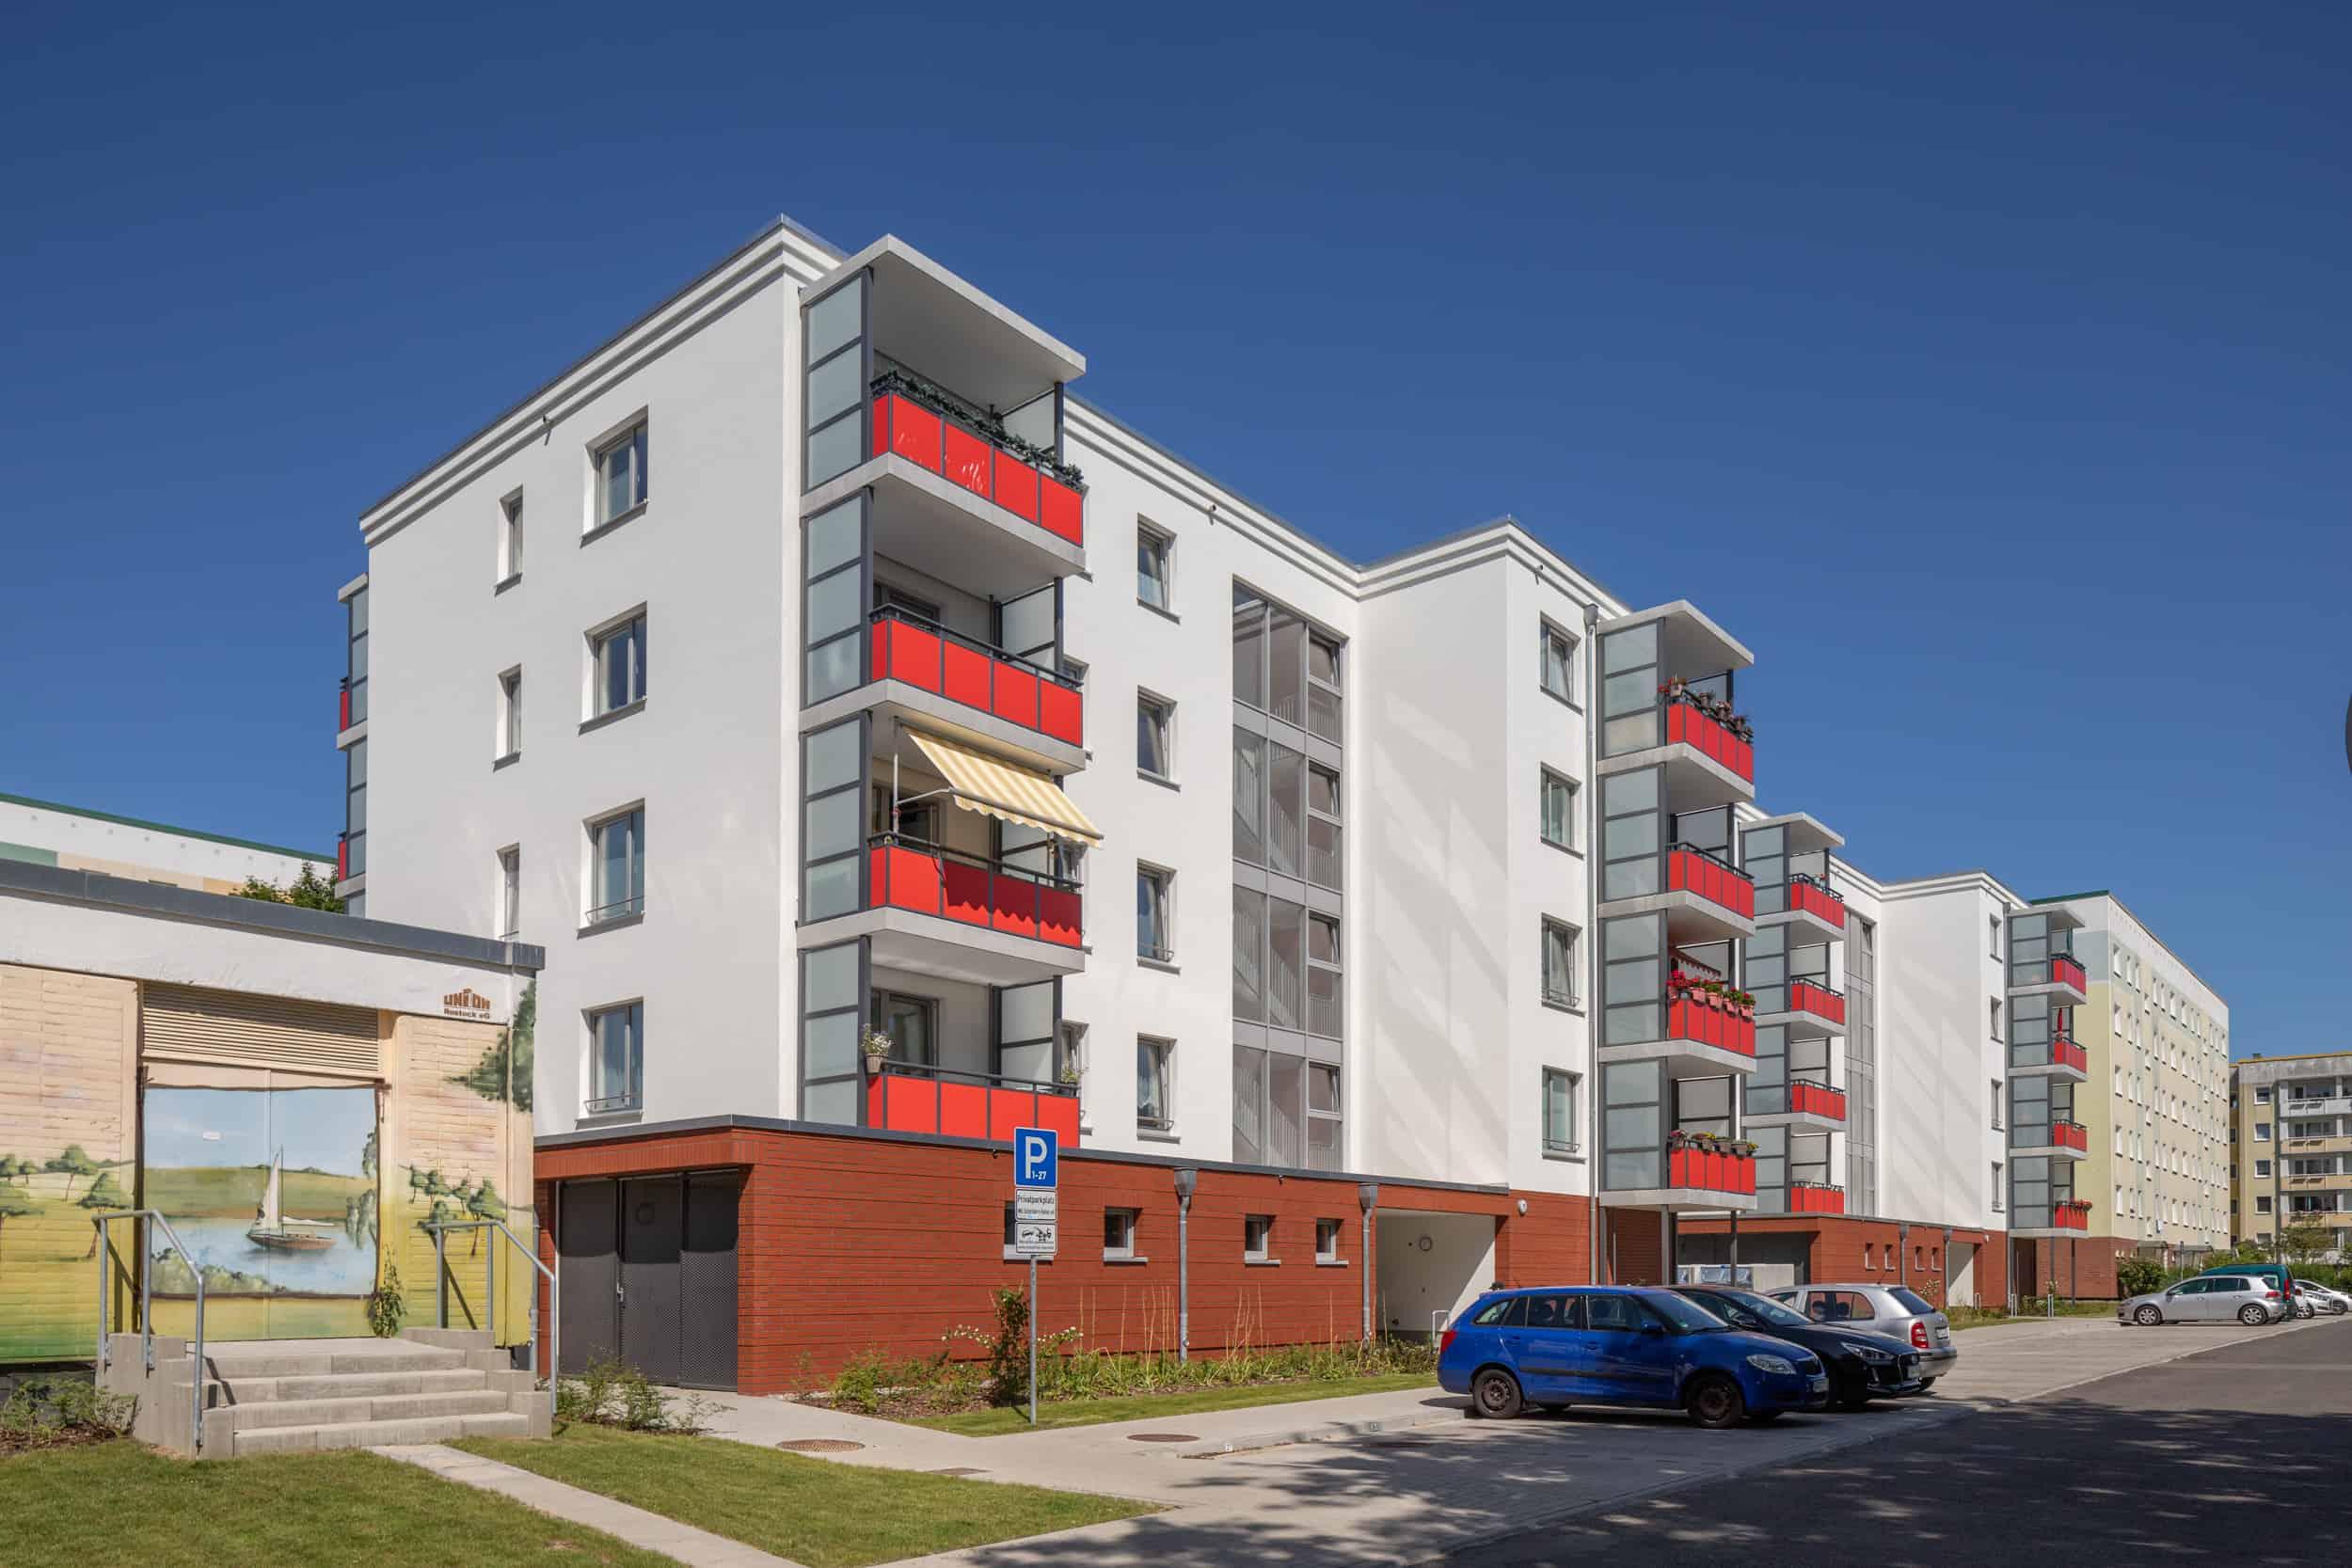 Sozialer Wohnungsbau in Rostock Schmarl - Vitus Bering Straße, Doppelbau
--
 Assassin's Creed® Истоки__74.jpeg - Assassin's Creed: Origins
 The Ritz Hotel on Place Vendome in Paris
---
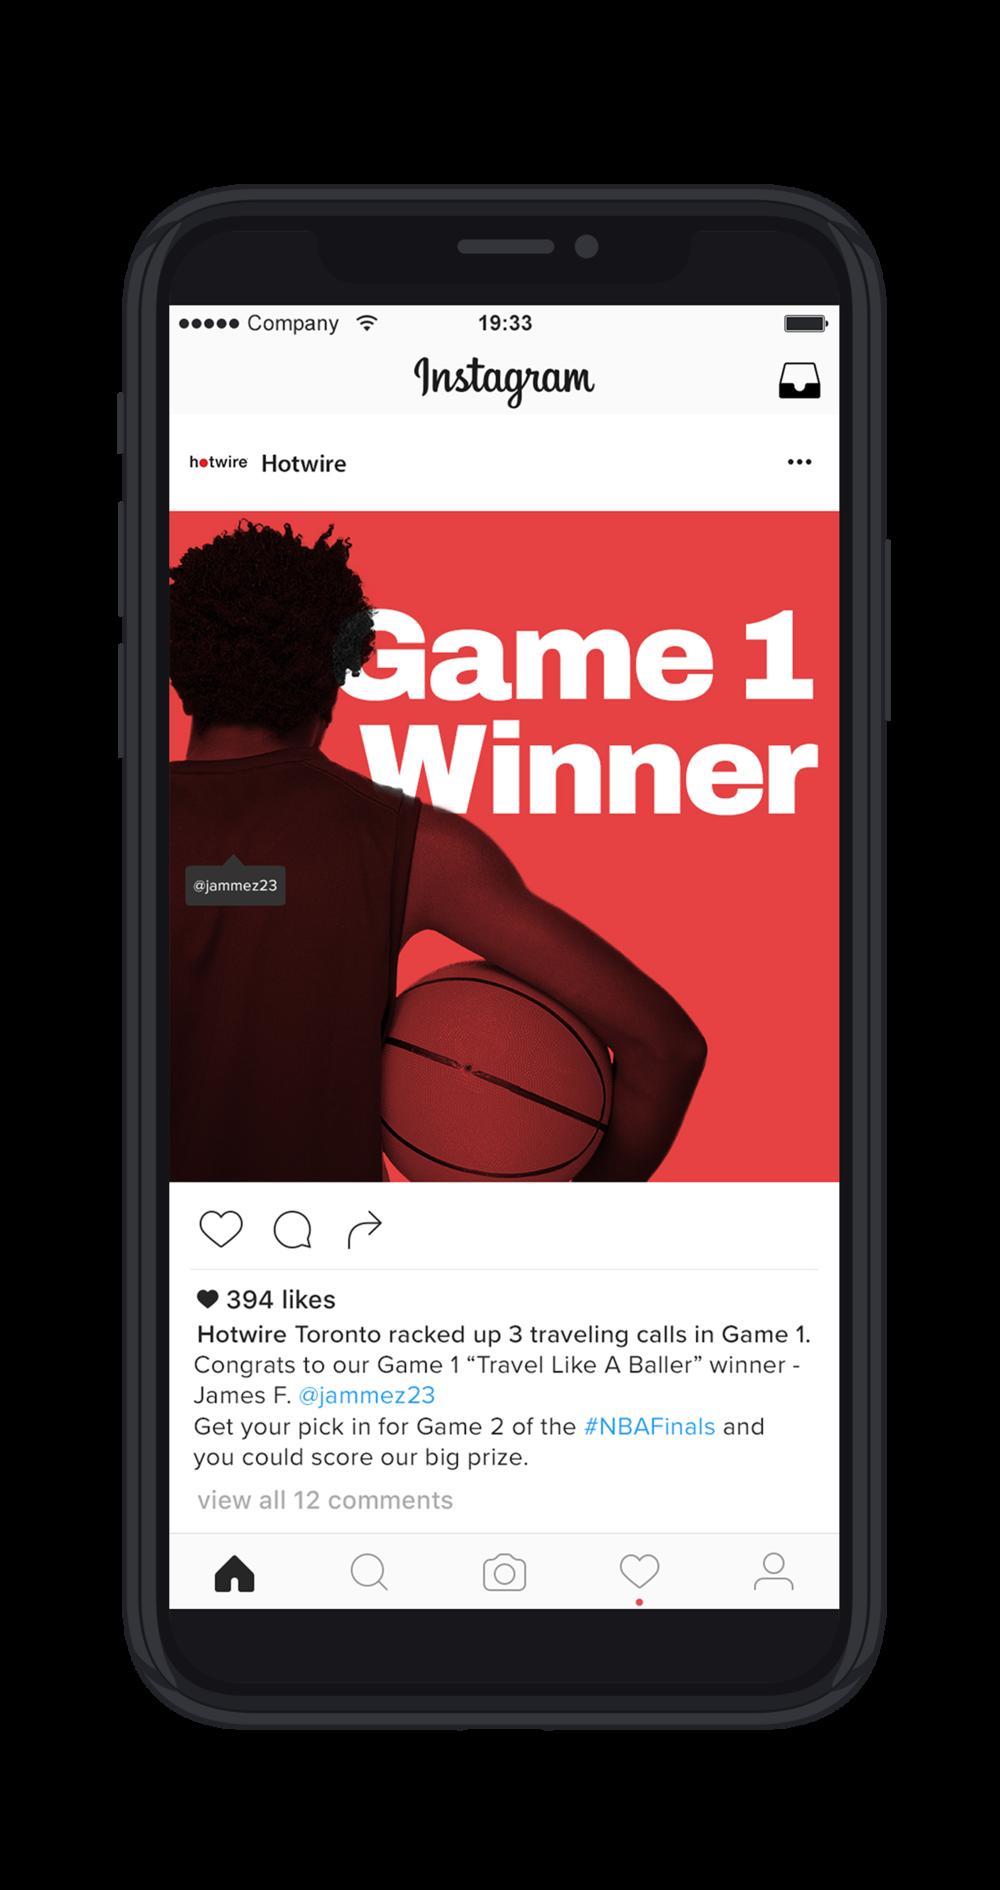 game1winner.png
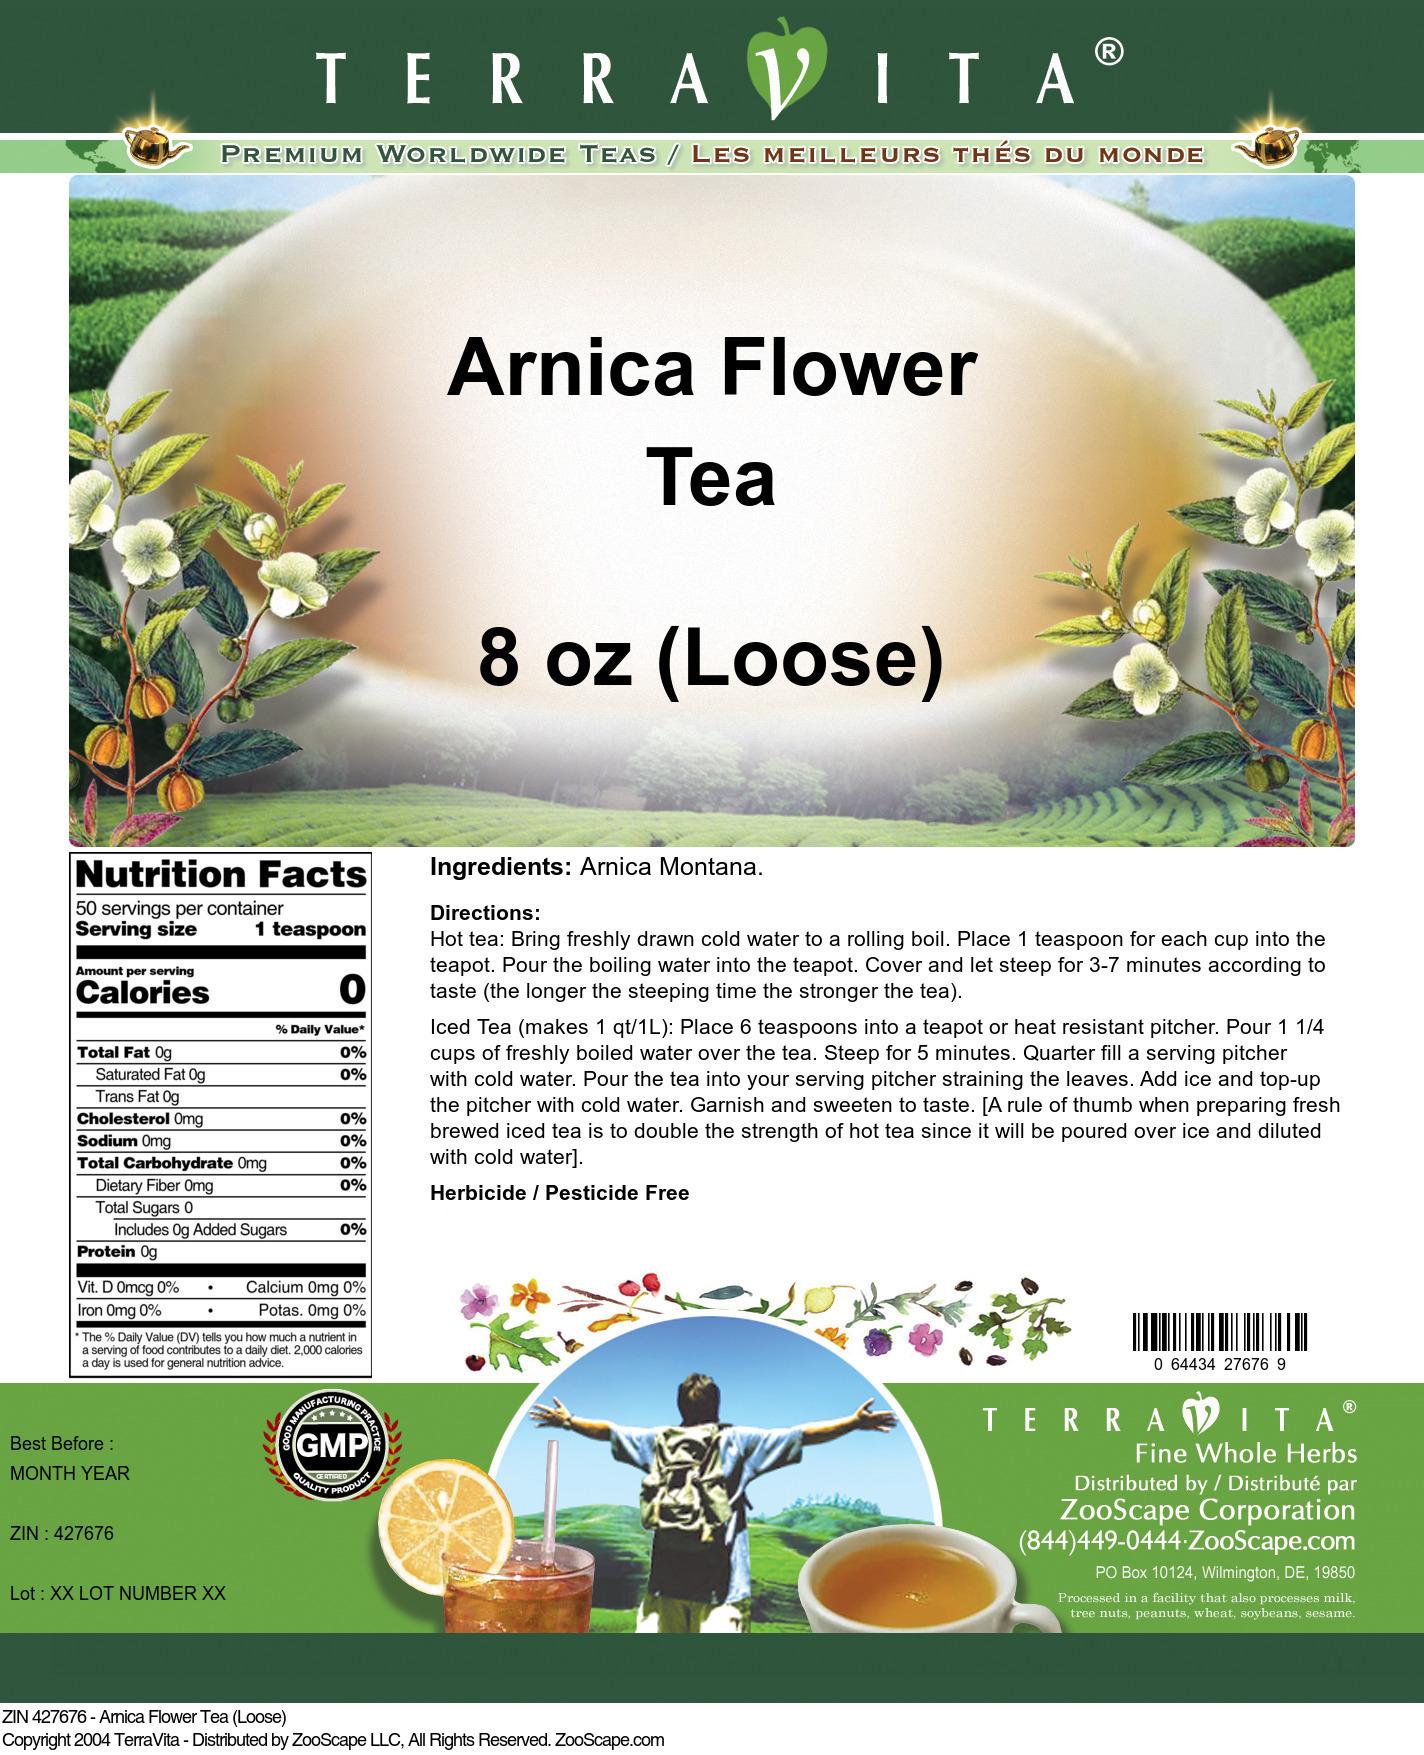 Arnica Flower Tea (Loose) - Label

• **WHAT THE EXERCISE ASKS**
Above are records; repeat only the lines starting at the line with "Assassin's Creed® Истоки__74.jpeg" and ending at the line with "The Ritz Hotel on Place Vendome in Paris", exactly as they appear, both included.

• **RESULT OF THIS EXERCISE**
 Assassin's Creed® Истоки__74.jpeg - Assassin's Creed: Origins
 The Ritz Hotel on Place Vendome in Paris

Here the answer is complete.